# This jupyter notebook contains a basic example of
- how to cluster and (potentially) select REX structure ensembles from a contact-guided REX simulation

In [1]:
%matplotlib notebook

import numpy as np
import matplotlib.pyplot as plt
import pyrexMD.misc as misc
import pyrexMD.core as core
import pyrexMD.topology as top
import pyrexMD.analysis.analysis as ana
import pyrexMD.analysis.contacts as con
import pyrexMD.analysis.gdt as gdt
import pyrexMD.decoy.cluster as clu
import MDAnalysis as mda
import os

from tqdm.notebook import tqdm
misc.apply_matplotlib_rc_settings()

In [2]:
### general steps
# 1) pre-filter REX trajectory based on task-specific criteria (e.g. QBias, QNative, Energies...)
# 2) calculate distance matrices for filtered frames
# 3) cluster filtered frames

In [3]:
### starting at step 3) and using unpublished sample data

# load data
QBias = misc.pickle_load("./files/cluster/QBias.pickle")
RMSD = misc.pickle_load("./files/cluster/RMSD.pickle")
GDT_TS = misc.pickle_load("./files/cluster/GDT_TS.pickle")

score_file = "./files/cluster/energies.log"
ENERGY = misc.read_file(score_file, usecols=1, skiprows=1)
DM = clu.read_h5("./files/cluster/DM.h5")

In [4]:
### apply TSNE for dimension reduction
tsne = clu.apply_TSNE(DM, n_components=2, perplexity=50, random_state=1)

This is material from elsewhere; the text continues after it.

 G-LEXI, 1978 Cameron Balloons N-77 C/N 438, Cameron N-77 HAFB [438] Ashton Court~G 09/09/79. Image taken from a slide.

### apply KMeans on TSNE-transformed data (two variants with low and high cluster number)
# here: high number set only to 20 because we look at small samle size with 500 frames

cluster10 = clu.apply_KMEANS(tsne, n_clusters=10, random_state=1)
cluster20 = clu.apply_KMEANS(tsne, n_clusters=20, random_state=1)

In [5]:
### map scores (energies) and accuracy (GDT, RMSD) to clusters
cluster10_scores = clu.map_cluster_scores(cluster_data=cluster10, score_file=score_file)
cluster10_accuracy = clu.map_cluster_accuracy(cluster_data=cluster10, GDT=GDT_TS, RMSD=RMSD)

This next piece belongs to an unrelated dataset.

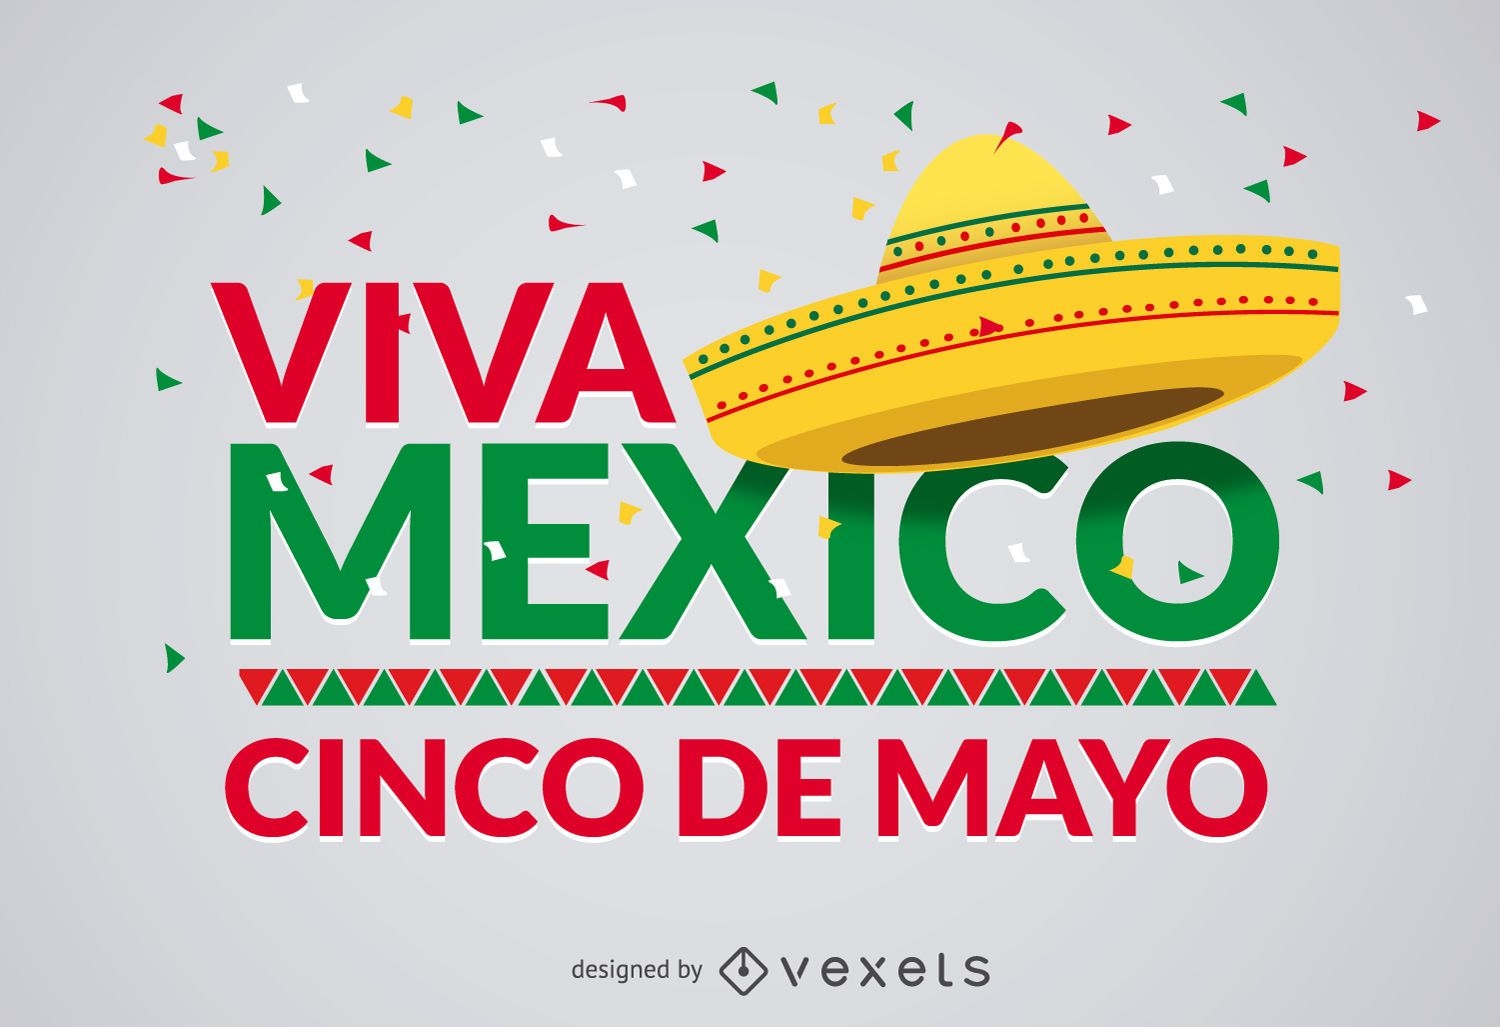 Projeto Cinco de Mayo Viva Mexico

cluster20_scores = clu.map_cluster_scores(cluster_data=cluster20, score_file=score_file)
cluster20_accuracy = clu.map_cluster_accuracy(cluster_data=cluster20, GDT=GDT_TS, RMSD=RMSD)

In [6]:
### plot cluster data
# here: TSNE-transformed data with n_clusters = 10
# also: plot cluster centers with different colors 
#     - red dot: n20 centers
#     - black dot: n10 centers

clu.plot_cluster_data(cluster10, tsne, ms=40)
clu.plot_cluster_center(cluster10, marker="o", color="red", ms=20)
clu.plot_cluster_center(cluster20, marker="o", color="black")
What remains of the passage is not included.